The rest of the paper is mostly dedicated to visualizing what exactly it was that the SVMs were basing their surprisingly accurate predictions. It turns out that twice as much of the predicted age-related variance was explained by functional connectivity that decreased with advancing age as by that which increased with age. Moreover, decreasing connectivity was more common among nearby regions, whereas increasing functional connectivity tended to occur among more far-flung regions (similar to the local-to-distributed shift discussed previously). Functional connections that increased with age were more aligned in the anterior-posterior dimension than those that decreased with age; the single most age-discriminative set of ROIs was the “cingulo-opercular” network (also discussed previously), and the most age-discriminative individual ROI was the right anterior prefrontal cortex.
If all that wasn’t complicated enough, here’s a glimpse of the paper’s money shot:
Obviously, this is an incredibly impressive set of results with real-world value. But what are some of the potential pitfalls here?

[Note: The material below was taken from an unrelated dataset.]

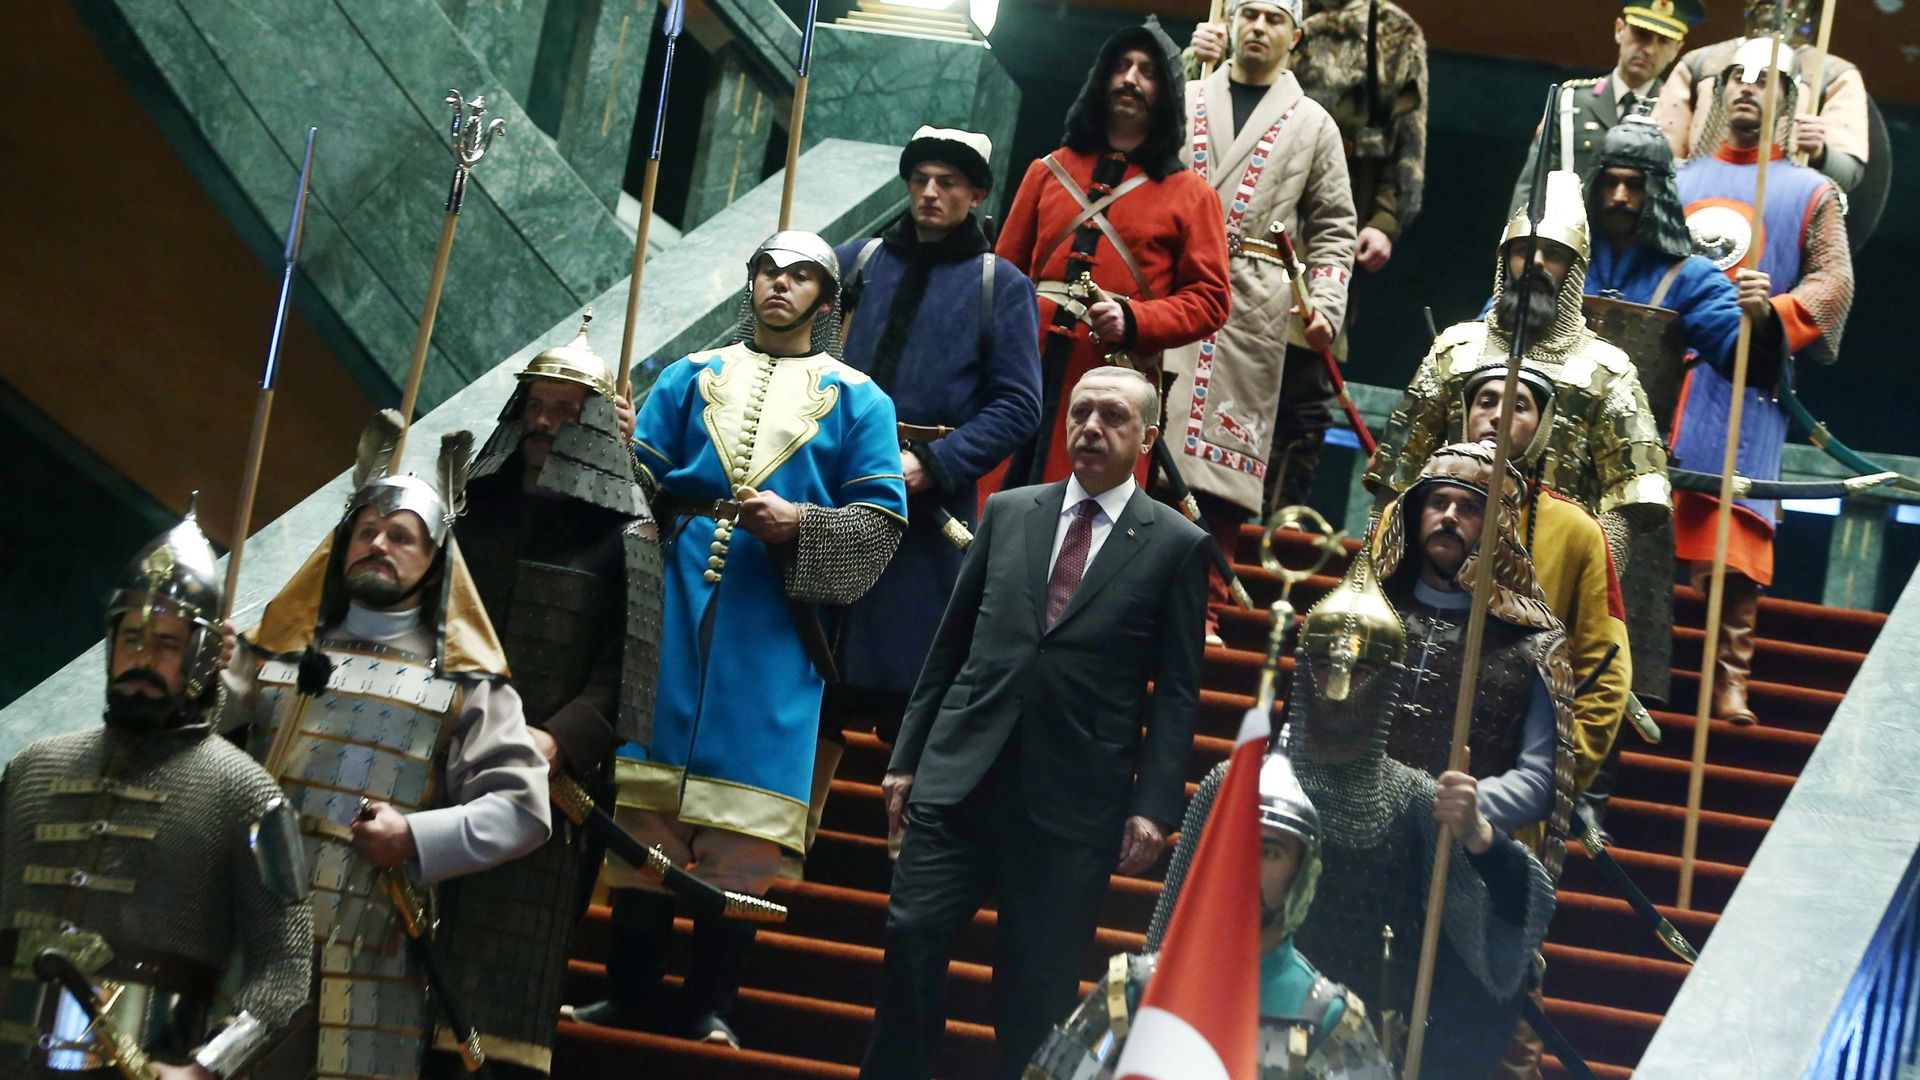 Le président turc Recep Erdogan sur les marches de son majestueux palais présidentiel d’Ankara entre une haie de guerriers en vêtements d’époque. 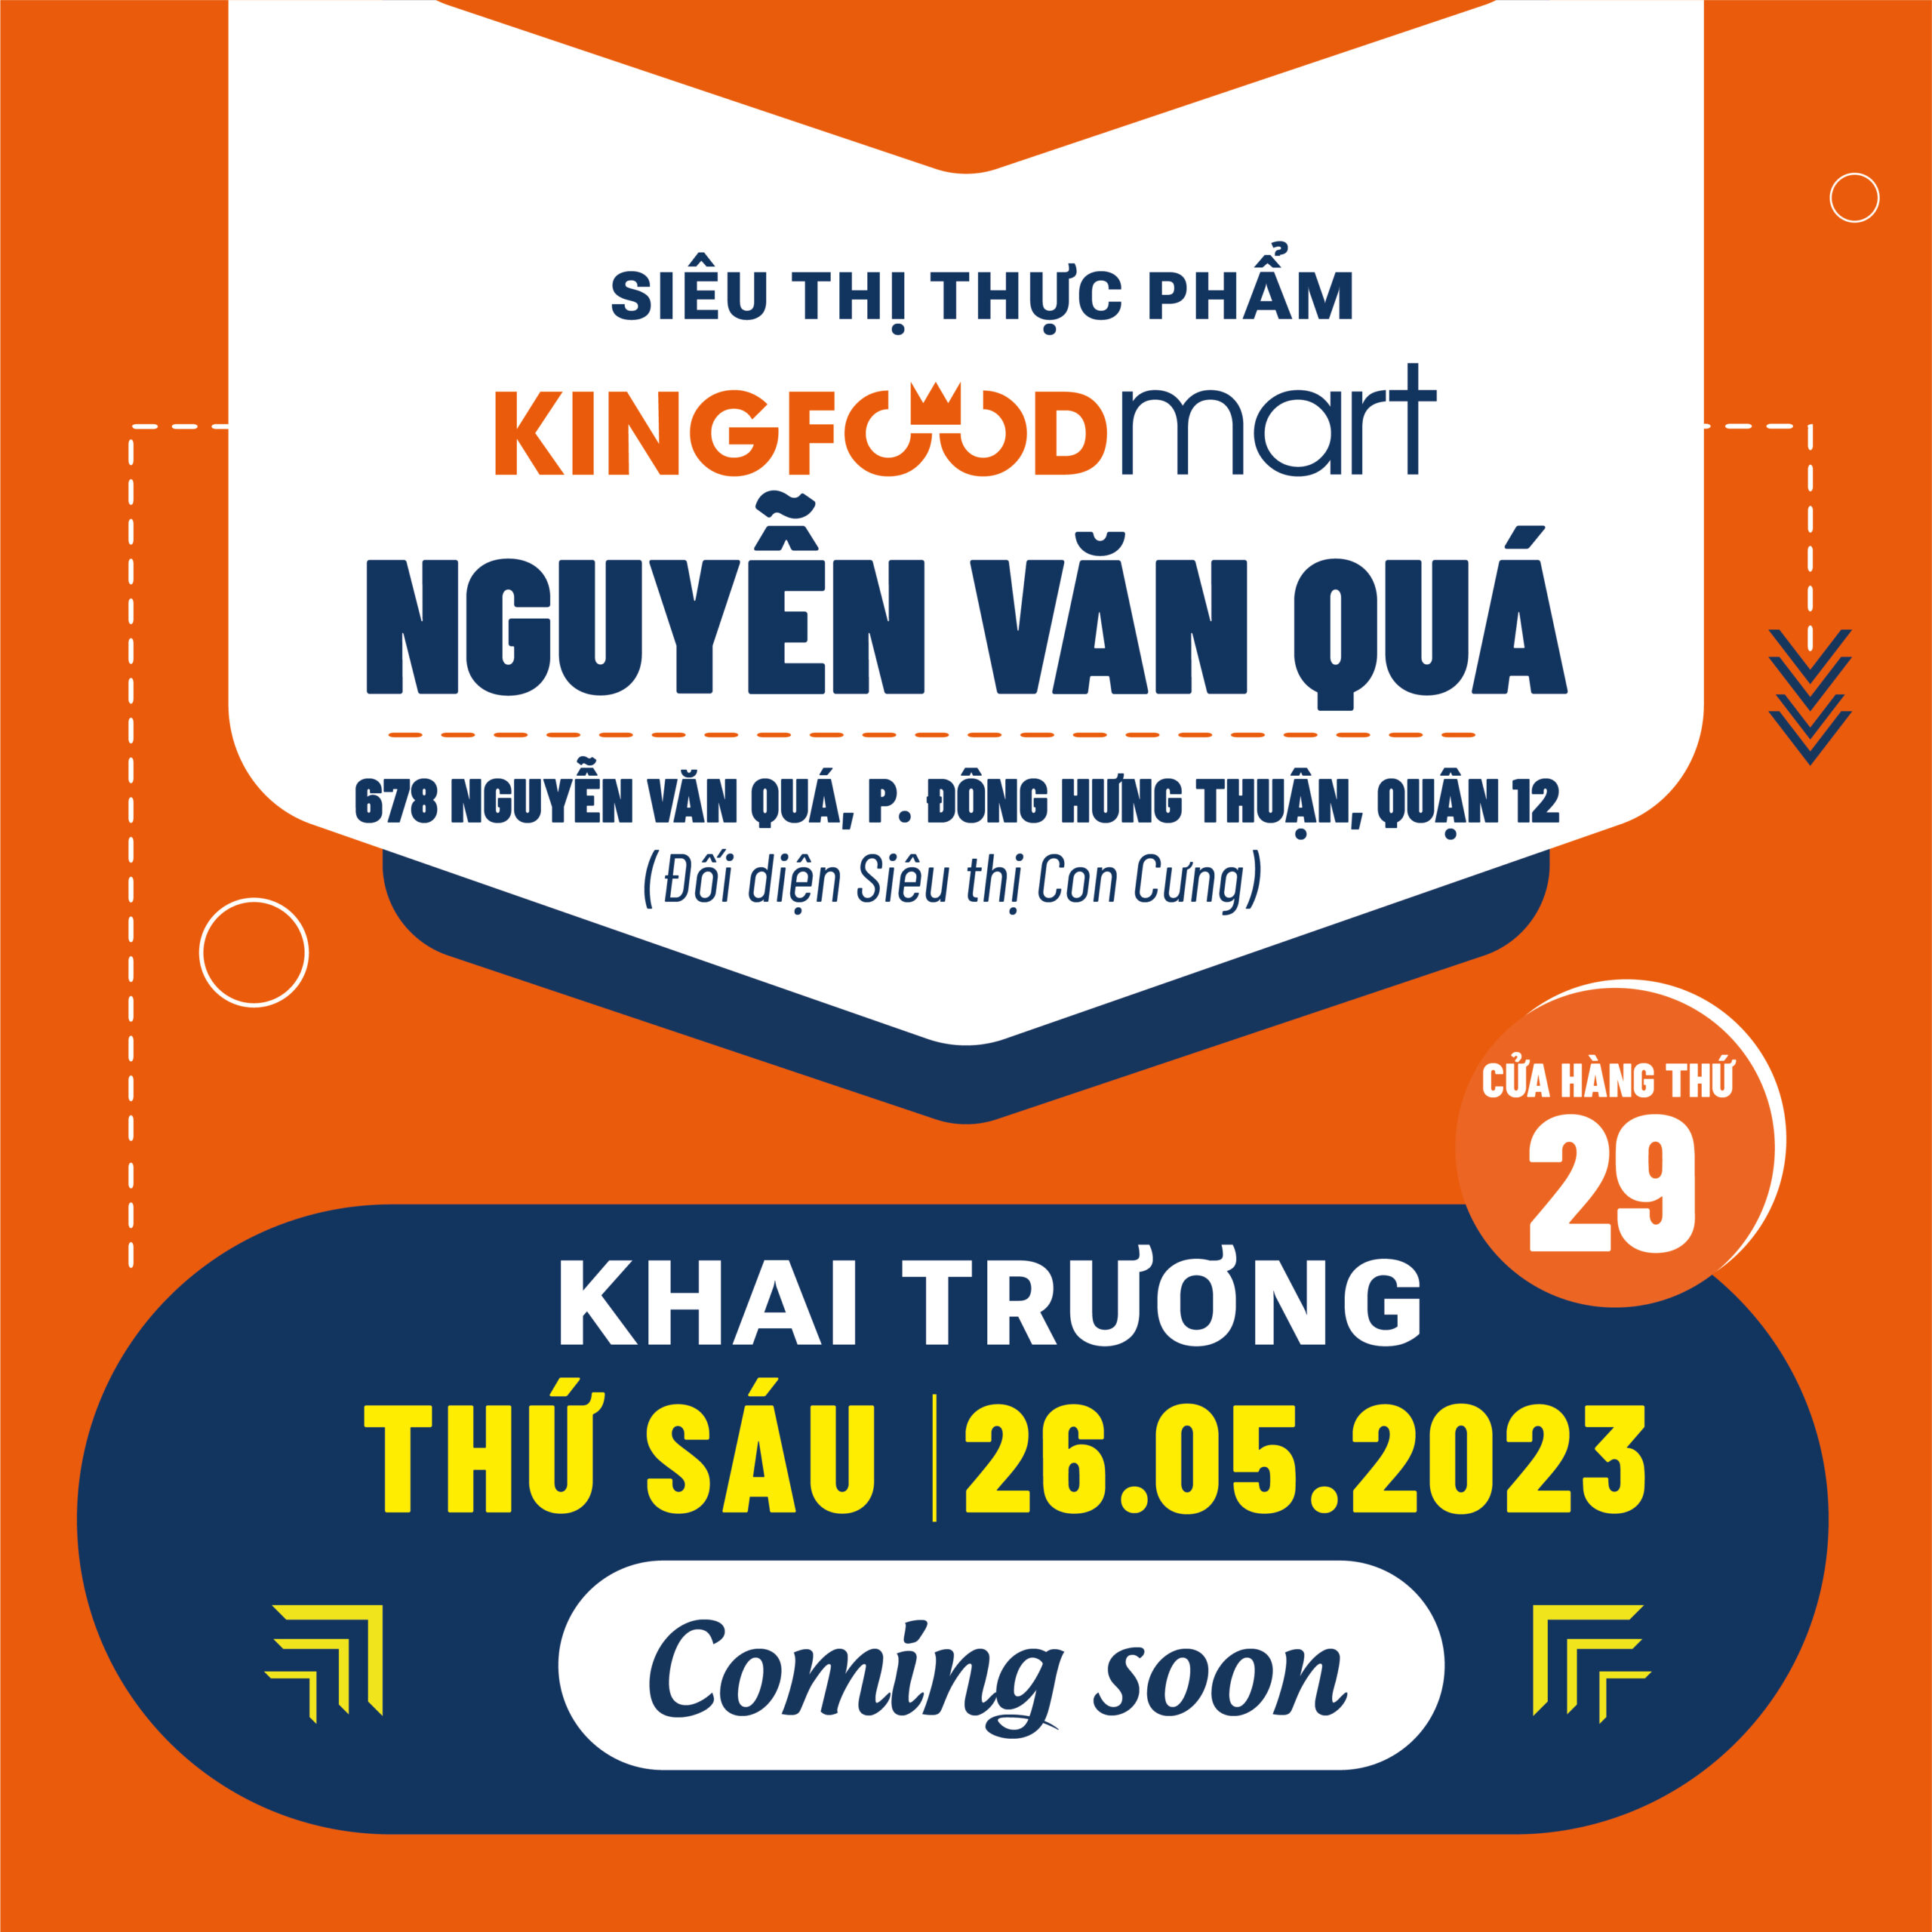 Kingfoodmart Nguyễn Văn Quá Sắp Khai Trương!

One is that the classification actually took place in higher-dimensional space (>200 dimensions, as I understand it), meaning that the results are dependent on interactions of changes in functional connectivity among and within the 156 features visualized above. This kind of thing is not easily captured in the way the results have been visualized.
A second thing to be wary of is the conversion of chronological age to the predicted brain maturity index. I’m not following why exactly this conversion was necessary, but I assume it was due to a fall-off in the classifier’s accuracy for predicting the age of subjects who are, in reality, between the ages of 18 and 30. This likely indicates that functional connectivity asymptotes in its sensitivity to change in functional connectivity around that time. In other words, it’s likely not capturing whatever “wisdom” a 30 year old might have that differentiates them from an 18 year old.
(Assuming such a thing actually exists, it seems like it’s not “in” the functional connectivity data. On the other hand, some of their data sets may have under-sampled the older part of the age distribution – perhaps wisdom just takes statistical mega-power to detect.)
These caveats aside, it’s really beautiful work, and I believe it will really help real people really soon (TM). That’s far more than can be said about most of the work being done in this area, which is far more theoretical in nature.